*** Opening of Dataset excerpt ***

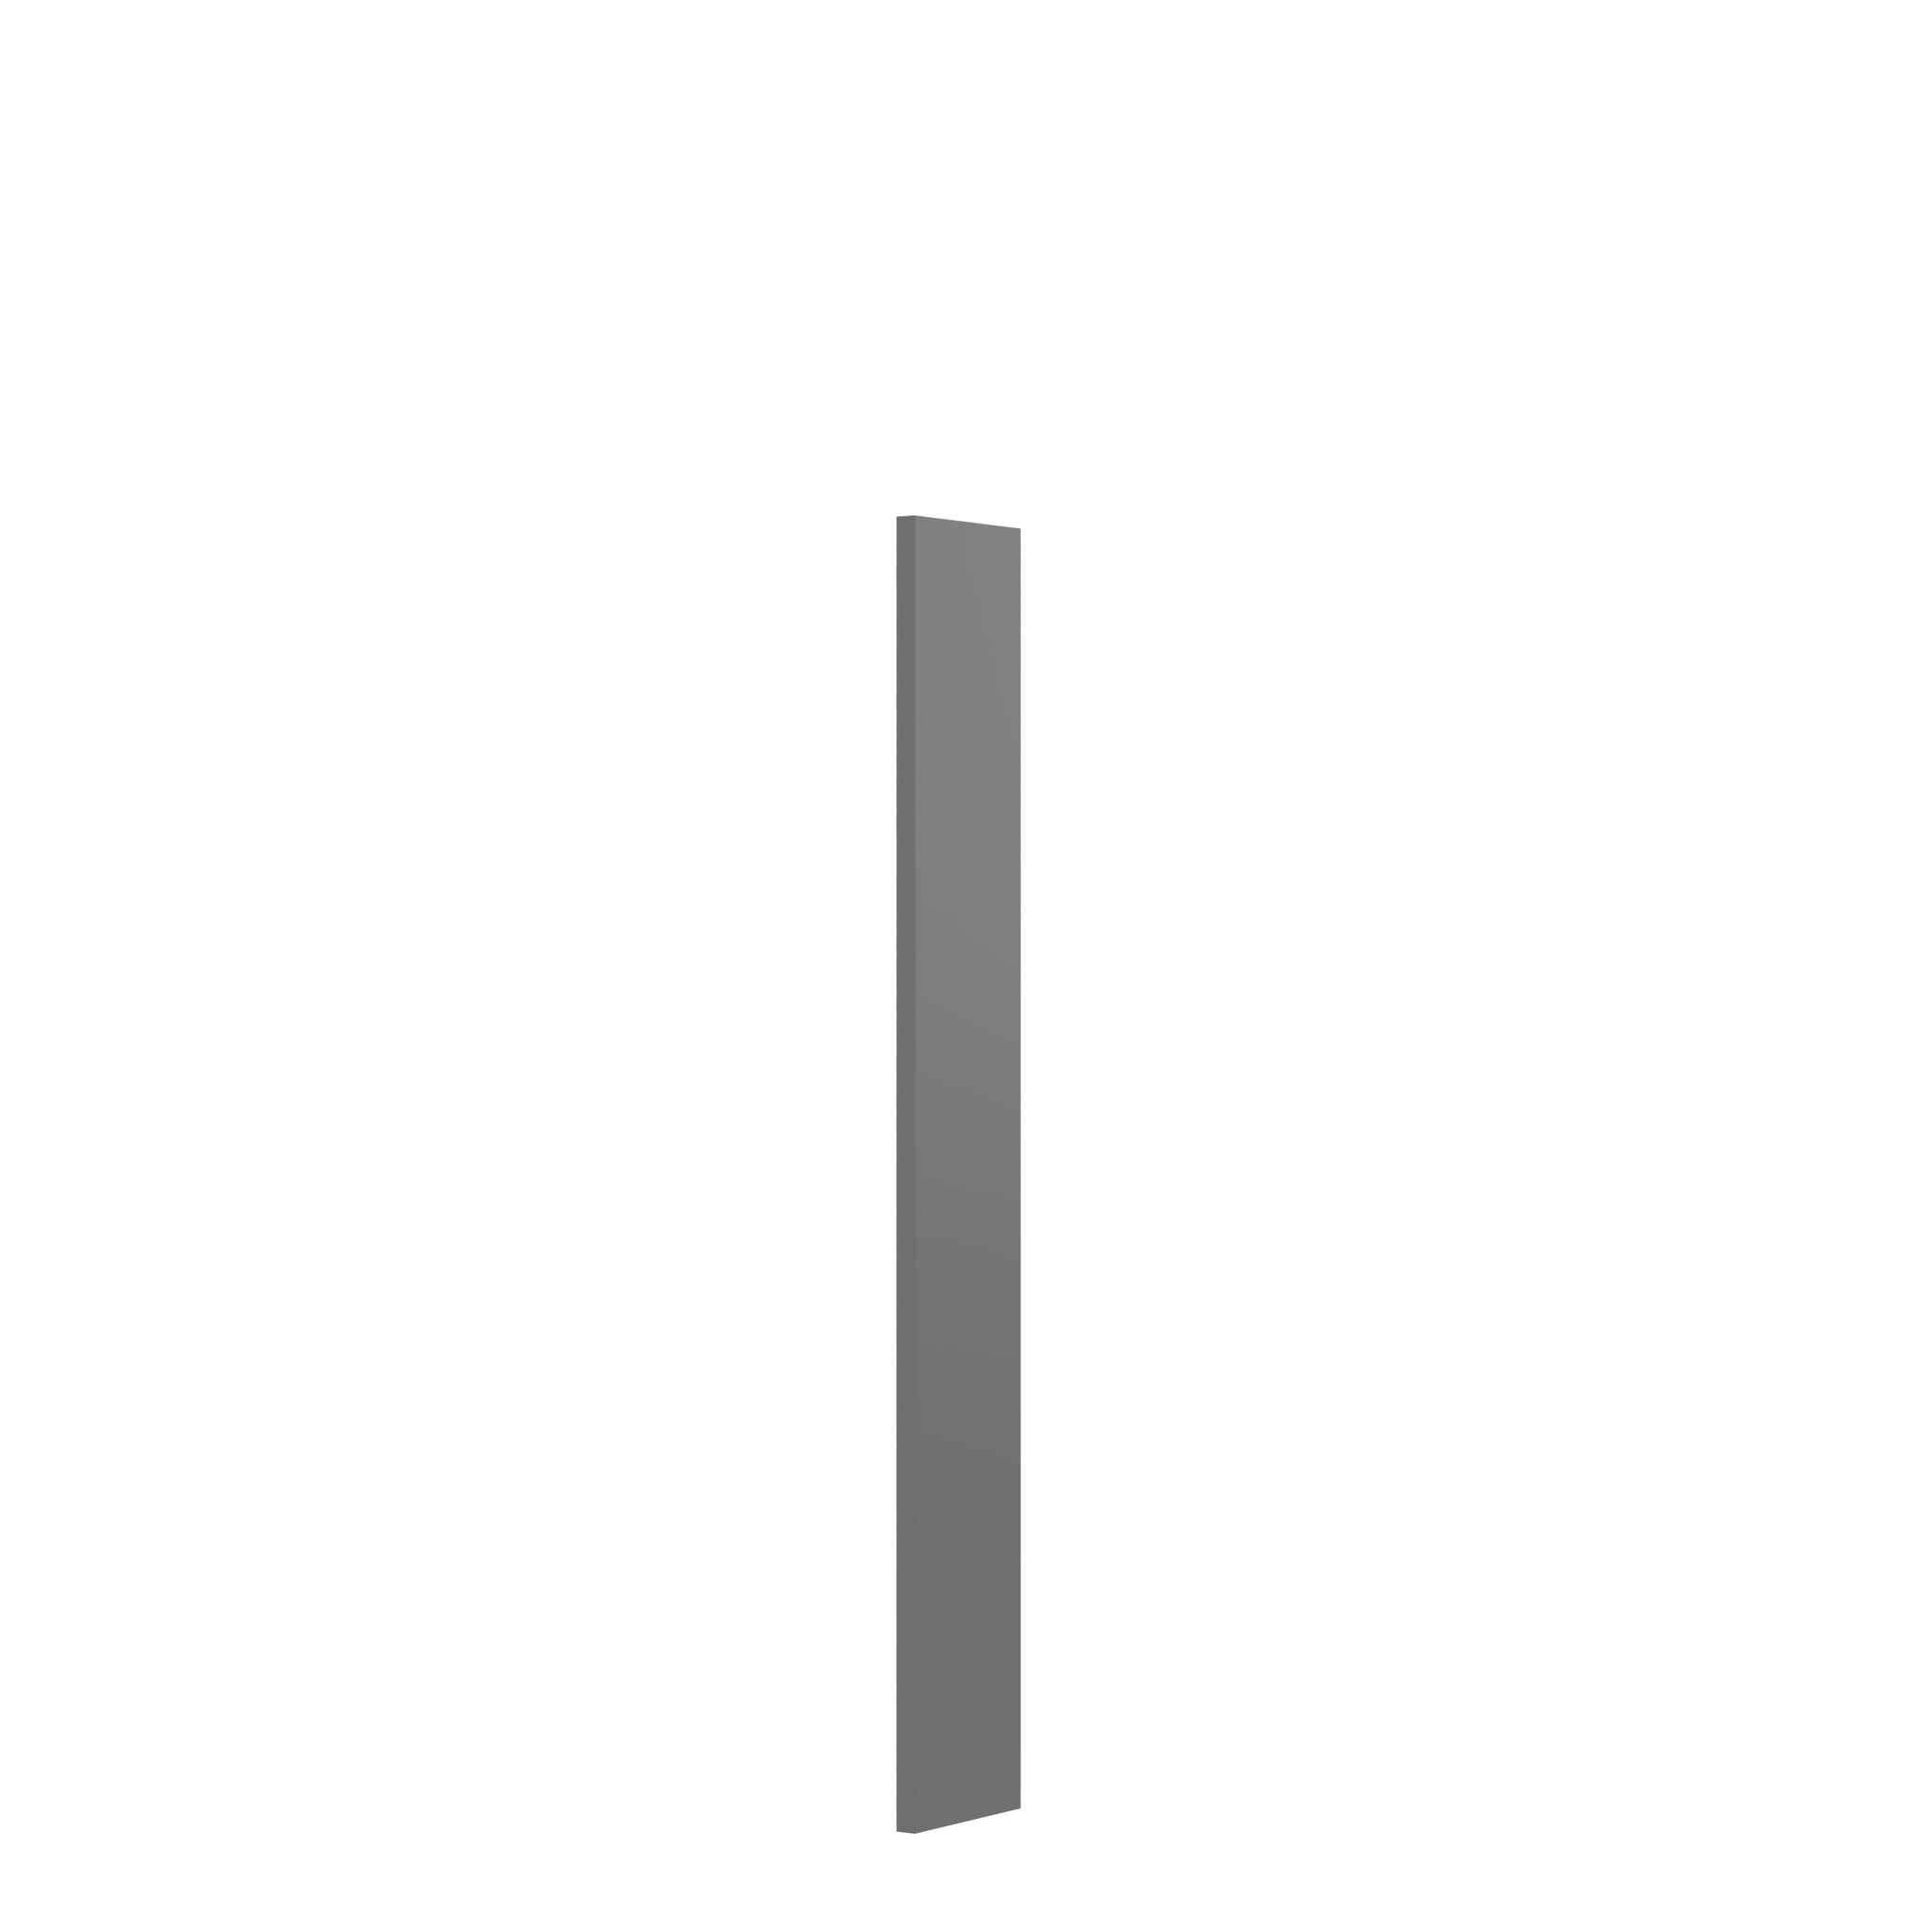 RTA - Elegant Dove - Wall Filler | 3"W x 30"H x 0.75"D
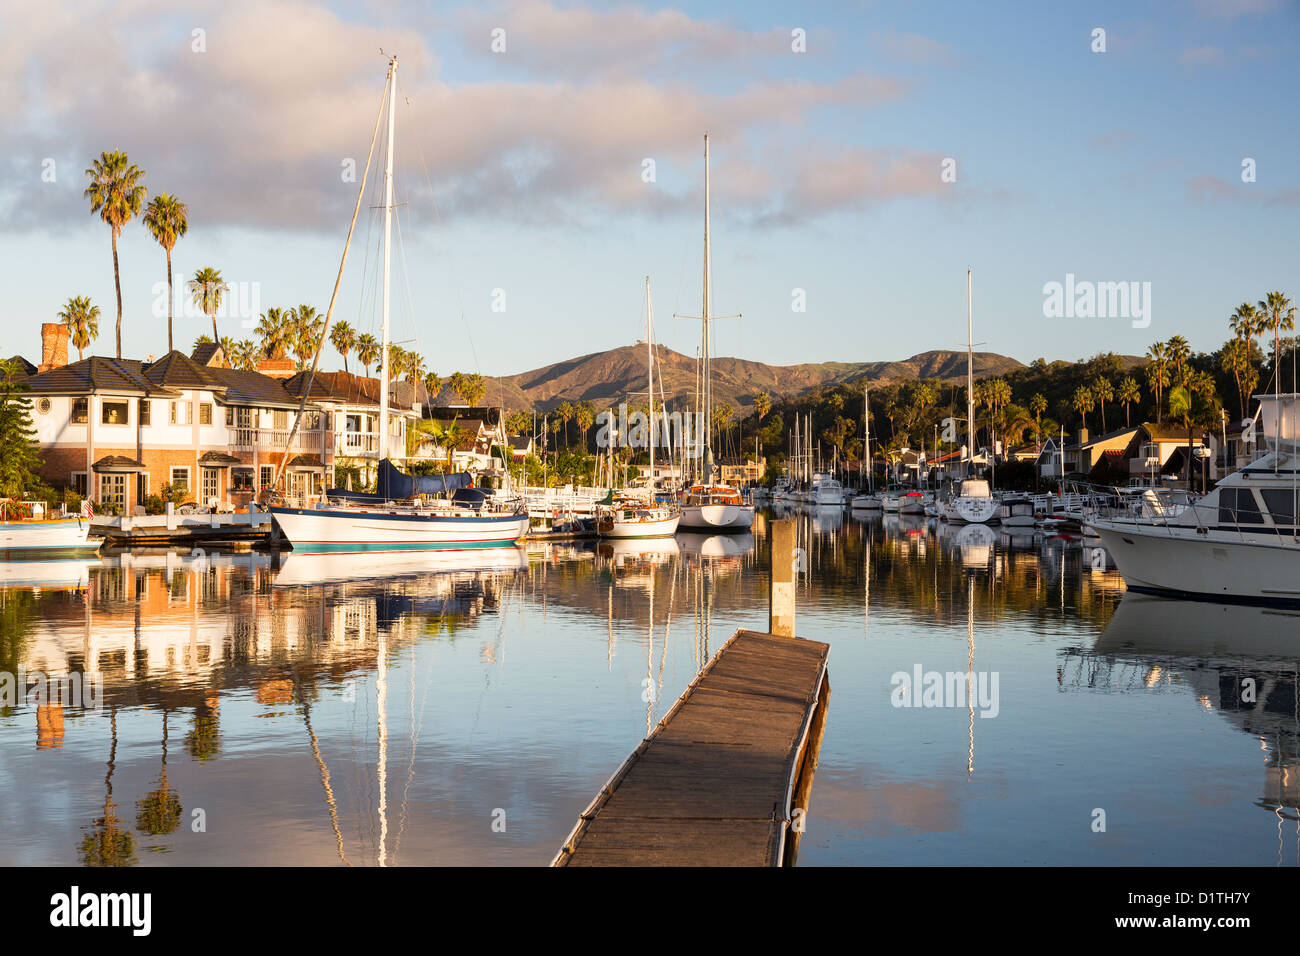 Sviluppo residenziale da acqua a Ventura, California con case moderne e yacht barche Foto Stock
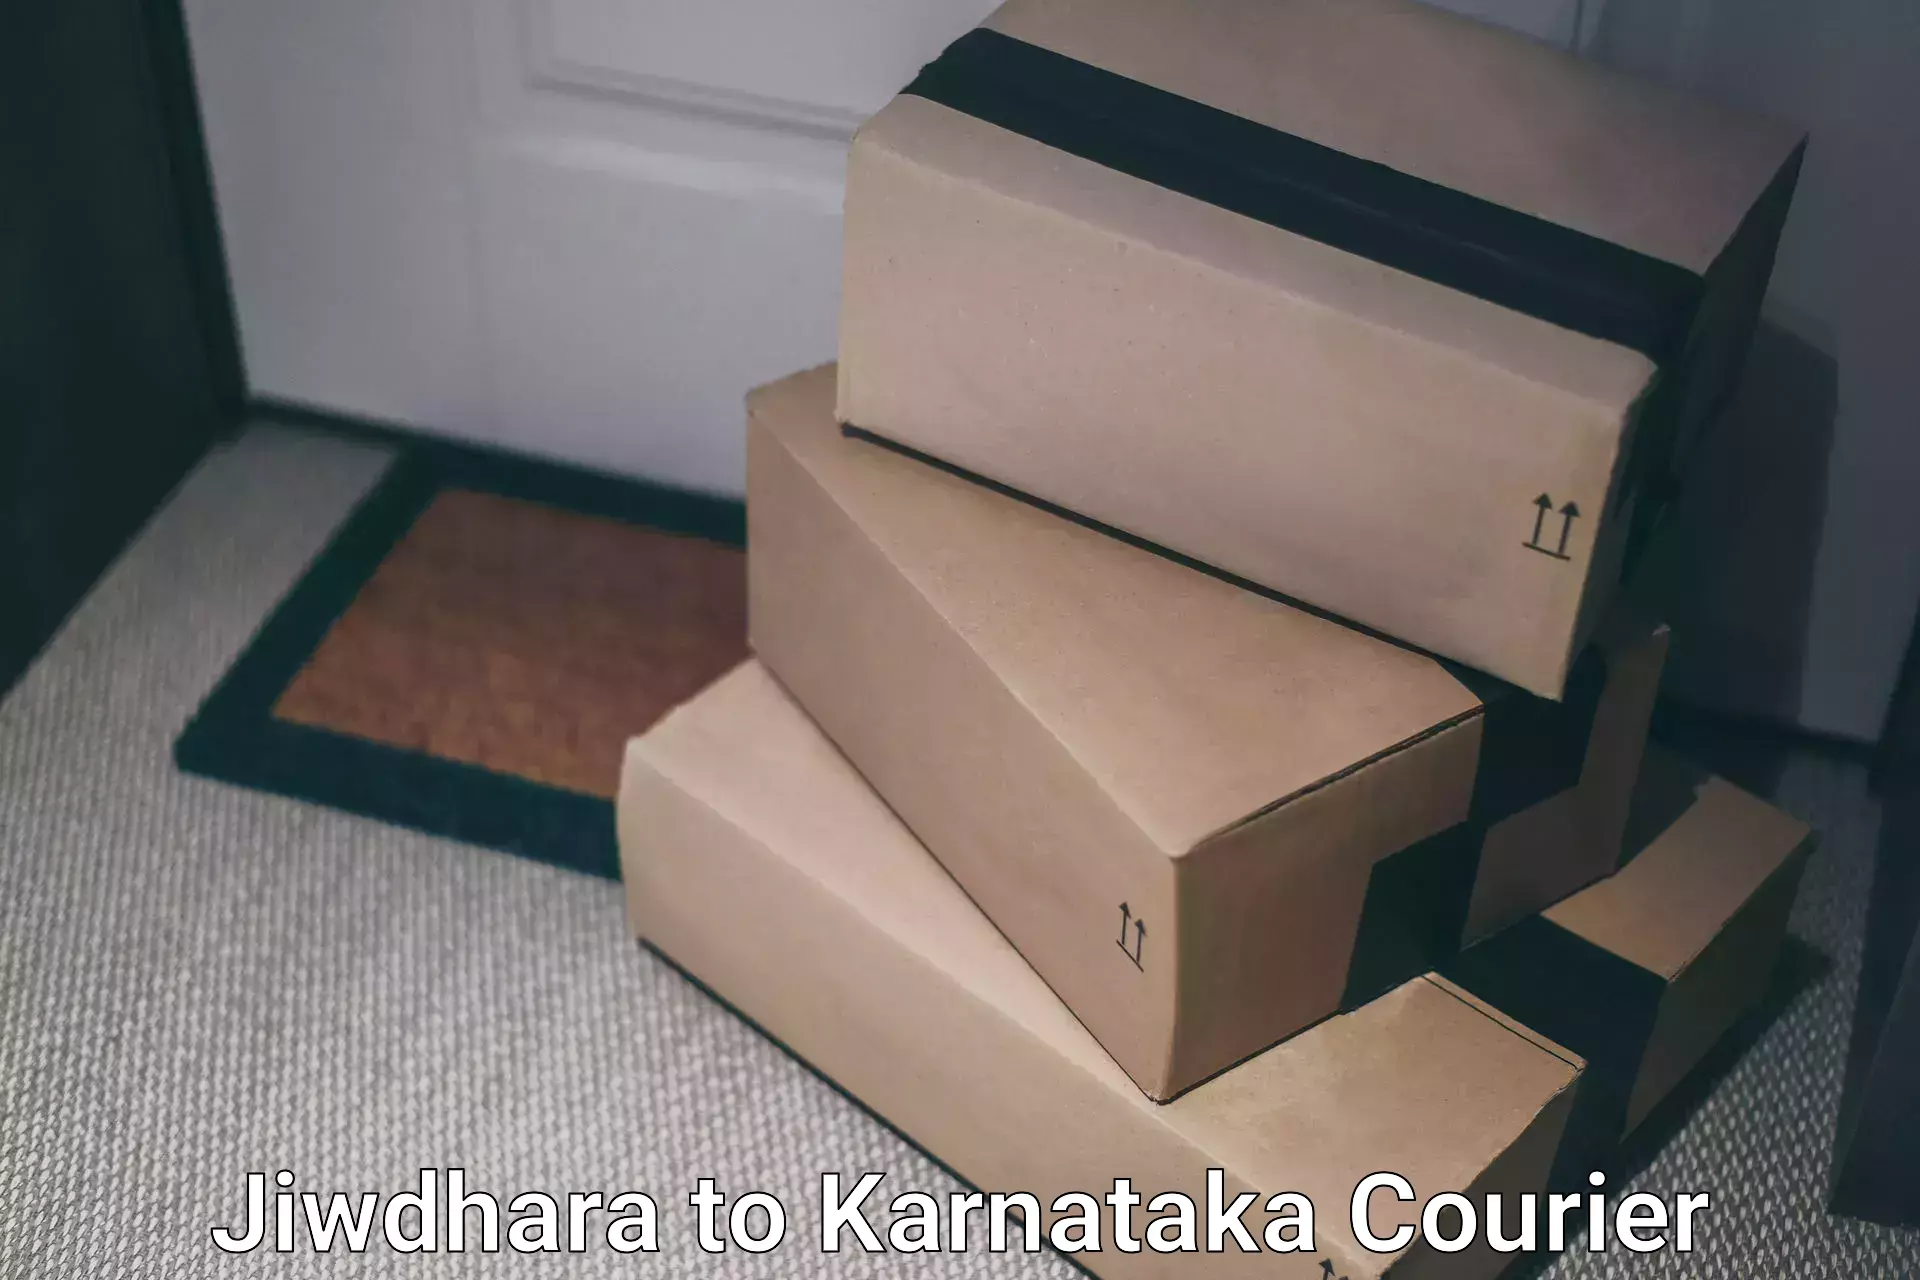 Modern courier technology Jiwdhara to Madikeri

*** Close of Dataset excerpt ***

### [What is required]
Could all the data above be given again exactly, leaving out its images?

### [Answer for the task]
 RTA - Elegant Dove - Wall Filler | 3"W x 30"H x 0.75"D
 Sviluppo residenziale da acqua a Ventura, California con case moderne e yacht barche Foto Stock
 Modern courier technology Jiwdhara to Madikeri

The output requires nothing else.